[PATCH v4 08/14] KVM: ARM: World-switch implementation

Fri Nov 30 01:37:04 EST 2012

On Mon, Nov 19, 2012 at 9:57 AM, Will Deacon <will.deacon at arm.com> wrote:
> On Sat, Nov 10, 2012 at 03:43:06PM +0000, Christoffer Dall wrote:
>> Provides complete world-switch implementation to switch to other guests
>> running in non-secure modes. Includes Hyp exception handlers that
>> capture necessary exception information and stores the information on
>> the VCPU and KVM structures.
>
> [...]
>
>> diff --git a/arch/arm/kvm/arm.c b/arch/arm/kvm/arm.c
>> index 15e2ab1..d8f8c60 100644
>> --- a/arch/arm/kvm/arm.c
>> +++ b/arch/arm/kvm/arm.c
>> @@ -40,6 +40,7 @@
>>  #include <asm/kvm_arm.h>
>>  #include <asm/kvm_asm.h>
>>  #include <asm/kvm_mmu.h>
>> +#include <asm/kvm_emulate.h>
>>
>>  #ifdef REQUIRES_VIRT
>>  __asm__(".arch_extension       virt");
>> @@ -49,6 +50,10 @@ static DEFINE_PER_CPU(unsigned long, kvm_arm_hyp_stack_page);
>>  static struct vfp_hard_struct __percpu *kvm_host_vfp_state;
>>  static unsigned long hyp_default_vectors;
>>
>> +/* The VMID used in the VTTBR */
>> +static atomic64_t kvm_vmid_gen = ATOMIC64_INIT(1);
>> +static u8 kvm_next_vmid;
>> +static DEFINE_SPINLOCK(kvm_vmid_lock);
>>
>>  int kvm_arch_hardware_enable(void *garbage)
>>  {
>> @@ -264,6 +269,8 @@ int __attribute_const__ kvm_target_cpu(void)
>>
>>  int kvm_arch_vcpu_init(struct kvm_vcpu *vcpu)
>>  {
>> +       /* Force users to call KVM_ARM_VCPU_INIT */
>> +       vcpu->arch.target = -1;
>>         return 0;
>>  }
>>
>> @@ -274,6 +281,7 @@ void kvm_arch_vcpu_uninit(struct kvm_vcpu *vcpu)
>>  void kvm_arch_vcpu_load(struct kvm_vcpu *vcpu, int cpu)
>>  {
>>         vcpu->cpu = cpu;
>> +       vcpu->arch.vfp_host = this_cpu_ptr(kvm_host_vfp_state);
>>  }
>>
>>  void kvm_arch_vcpu_put(struct kvm_vcpu *vcpu)
>> @@ -306,12 +314,168 @@ int kvm_arch_vcpu_runnable(struct kvm_vcpu *v)
>>
>>  int kvm_arch_vcpu_in_guest_mode(struct kvm_vcpu *v)
>>  {
>> +       return v->mode == IN_GUEST_MODE;
>> +}
>> +
>> +static void reset_vm_context(void *info)
>> +{
>> +       kvm_call_hyp(__kvm_flush_vm_context);
>> +}
>> +
>> +/**
>> + * need_new_vmid_gen - check that the VMID is still valid
>> + * @kvm: The VM's VMID to checkt
>> + *
>> + * return true if there is a new generation of VMIDs being used
>> + *
>> + * The hardware supports only 256 values with the value zero reserved for the
>> + * host, so we check if an assigned value belongs to a previous generation,
>> + * which which requires us to assign a new value.
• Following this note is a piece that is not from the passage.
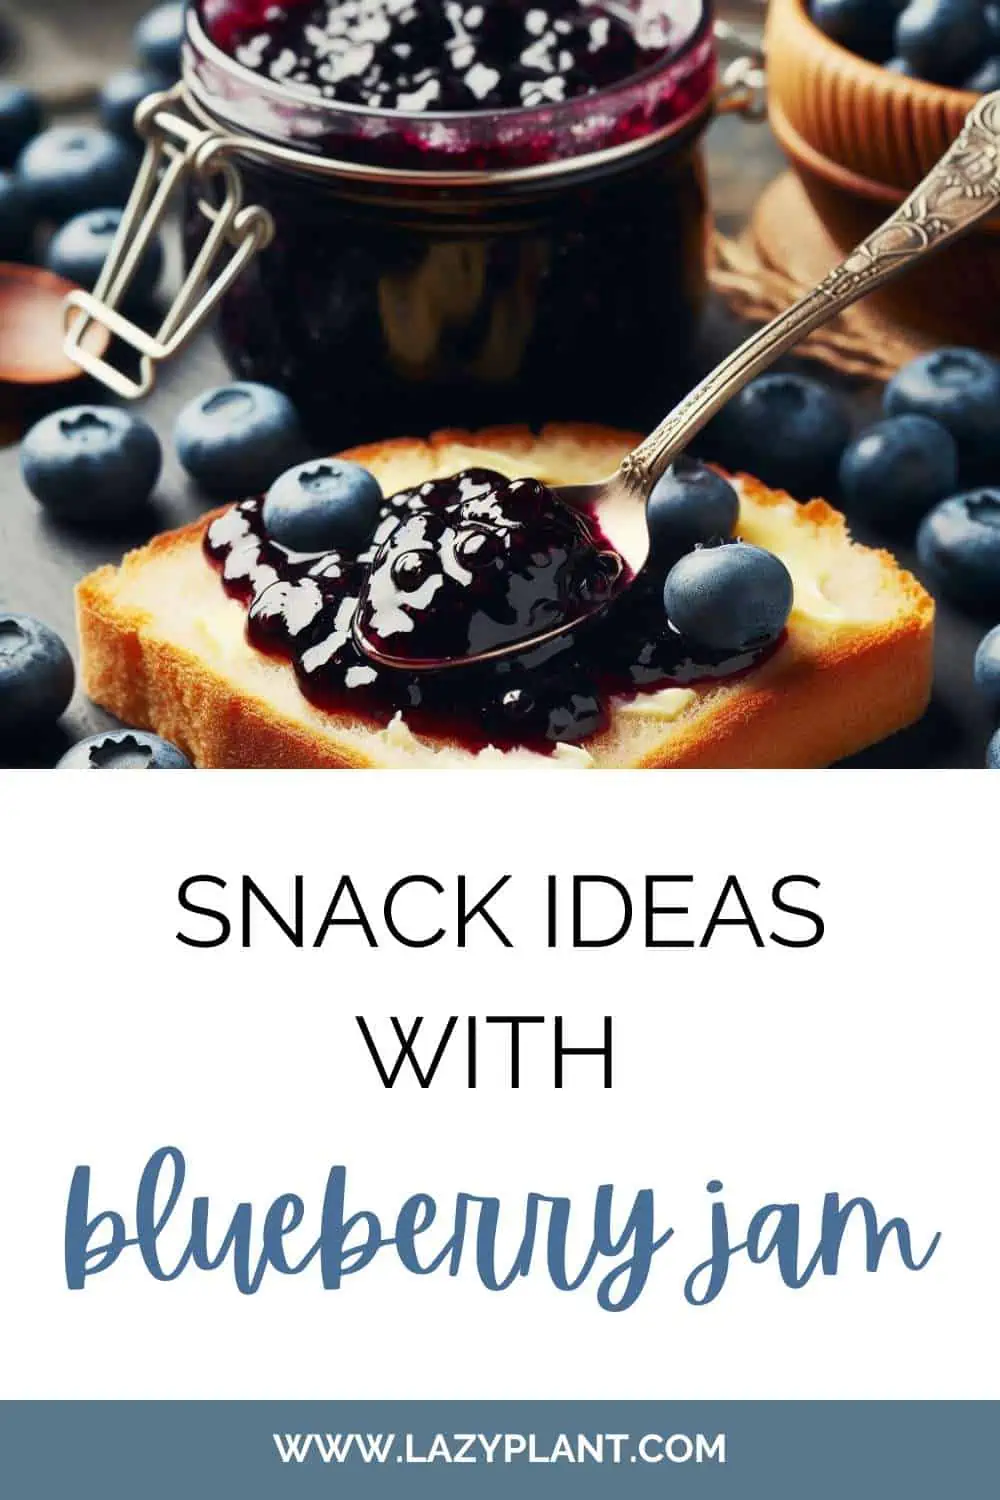 Low-carb blueberry jams are good for weight loss.
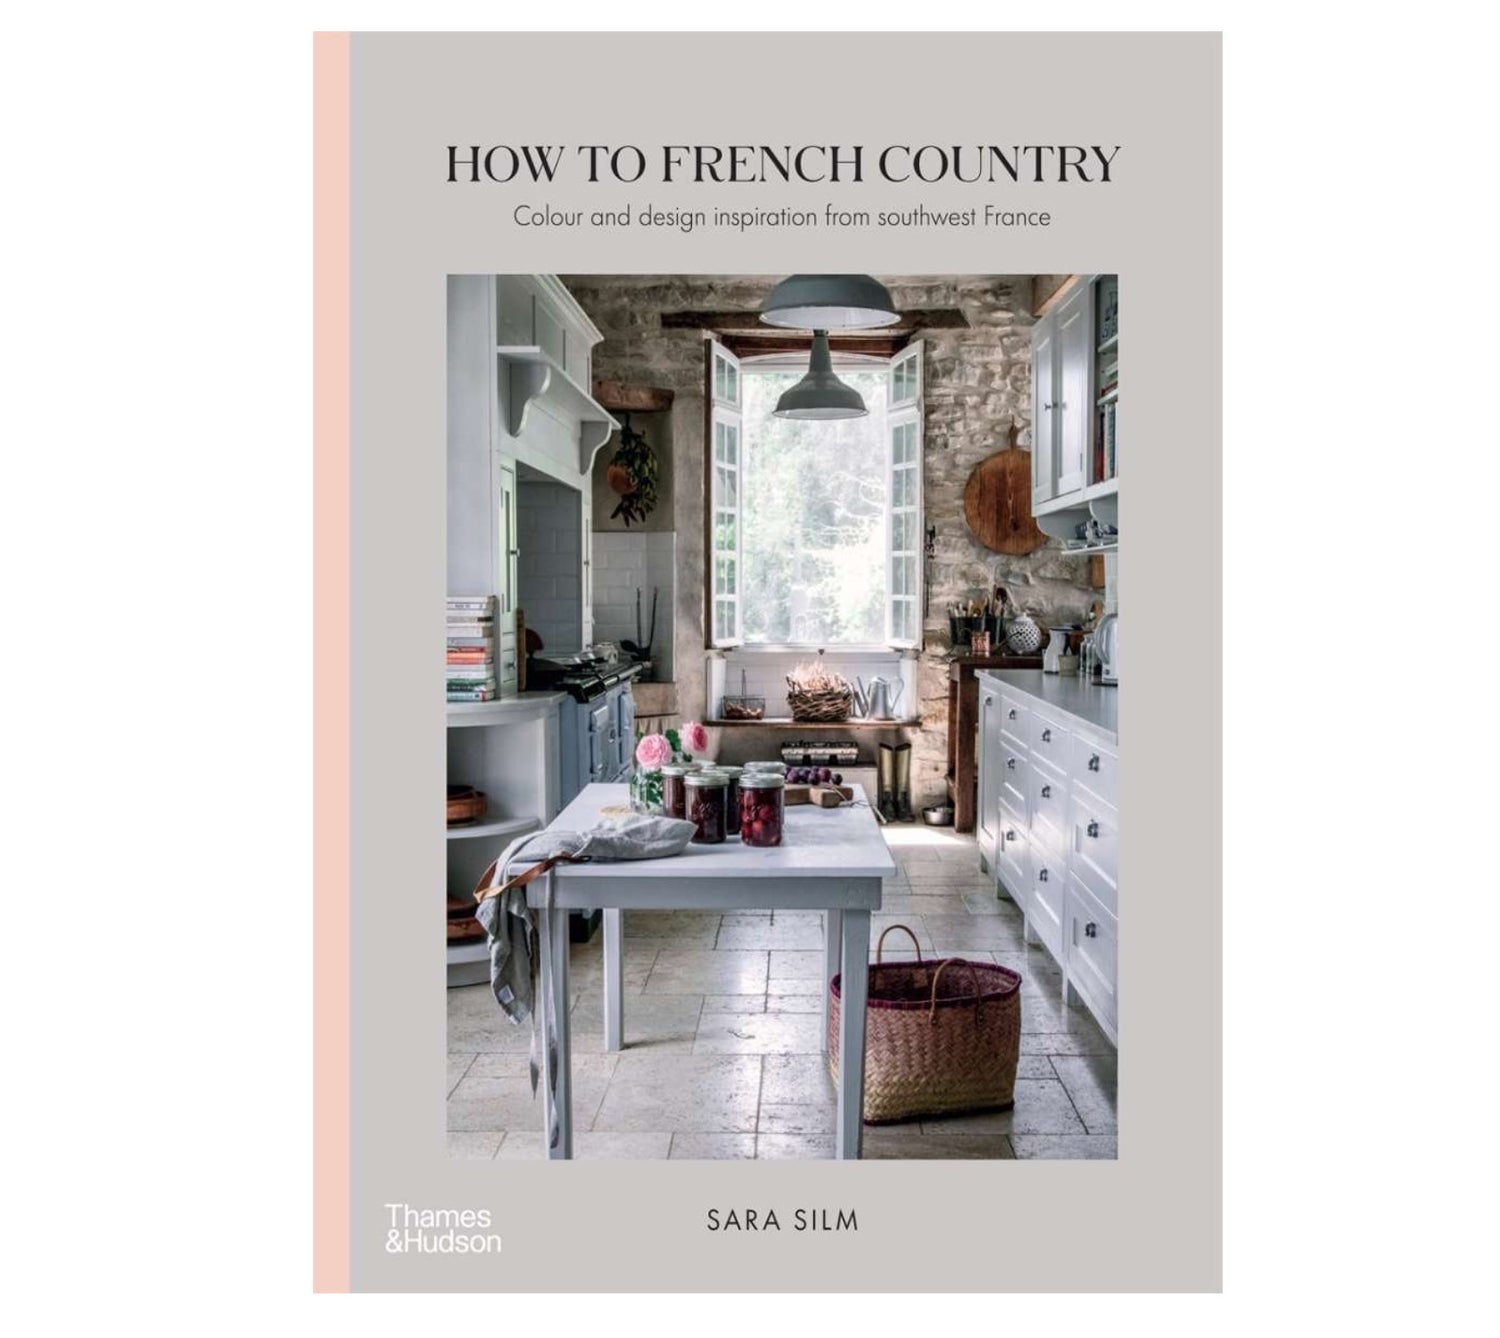 How to French Country by Sarah Slim

If we're the first to use a
>> + * VMID for the new generation, we must flush necessary caches and TLBs on all
>> + * CPUs.
>> + */
>> +static bool need_new_vmid_gen(struct kvm *kvm)
>> +{
>> +       return unlikely(kvm->arch.vmid_gen != atomic64_read(&kvm_vmid_gen));
>> +}
>> +
>> +/**
>> + * update_vttbr - Update the VTTBR with a valid VMID before the guest runs
>> + * @kvm        The guest that we are about to run
>> + *
>> + * Called from kvm_arch_vcpu_ioctl_run before entering the guest to ensure the
>> + * VM has a valid VMID, otherwise assigns a new one and flushes corresponding
>> + * caches and TLBs.
>> + */
>> +static void update_vttbr(struct kvm *kvm)
>> +{
>> +       phys_addr_t pgd_phys;
>> +       u64 vmid;
>> +
>> +       if (!need_new_vmid_gen(kvm))
>> +               return;
>> +
>> +       spin_lock(&kvm_vmid_lock);
>> +
>> +       /* First user of a new VMID generation? */
>> +       if (unlikely(kvm_next_vmid == 0)) {
>> +               atomic64_inc(&kvm_vmid_gen);
>> +               kvm_next_vmid = 1;
>> +
>> +               /*
>> +                * On SMP we know no other CPUs can use this CPU's or
>> +                * each other's VMID since the kvm_vmid_lock blocks
>> +                * them from reentry to the guest.
>> +                */
>> +               on_each_cpu(reset_vm_context, NULL, 1);
>> +       }
>> +
>> +       kvm->arch.vmid_gen = atomic64_read(&kvm_vmid_gen);
>> +       kvm->arch.vmid = kvm_next_vmid;
>> +       kvm_next_vmid++;
>> +
>> +       /* update vttbr to be used with the new vmid */
>> +       pgd_phys = virt_to_phys(kvm->arch.pgd);
>> +       vmid = ((u64)(kvm->arch.vmid) << VTTBR_VMID_SHIFT) & VTTBR_VMID_MASK;
>> +       kvm->arch.vttbr = pgd_phys & VTTBR_BADDR_MASK;
>> +       kvm->arch.vttbr |= vmid;
>> +
>> +       spin_unlock(&kvm_vmid_lock);
>> +}
>
> I must be missing something here: how do you ensure that a guest running
> on multiple CPUs continues to have the same VMID across them after a
> rollover?
>

when a roll over occurs, there's no problem until someone comes along
that doesn't have a valid vmid (need_new_vmid_gen will return true).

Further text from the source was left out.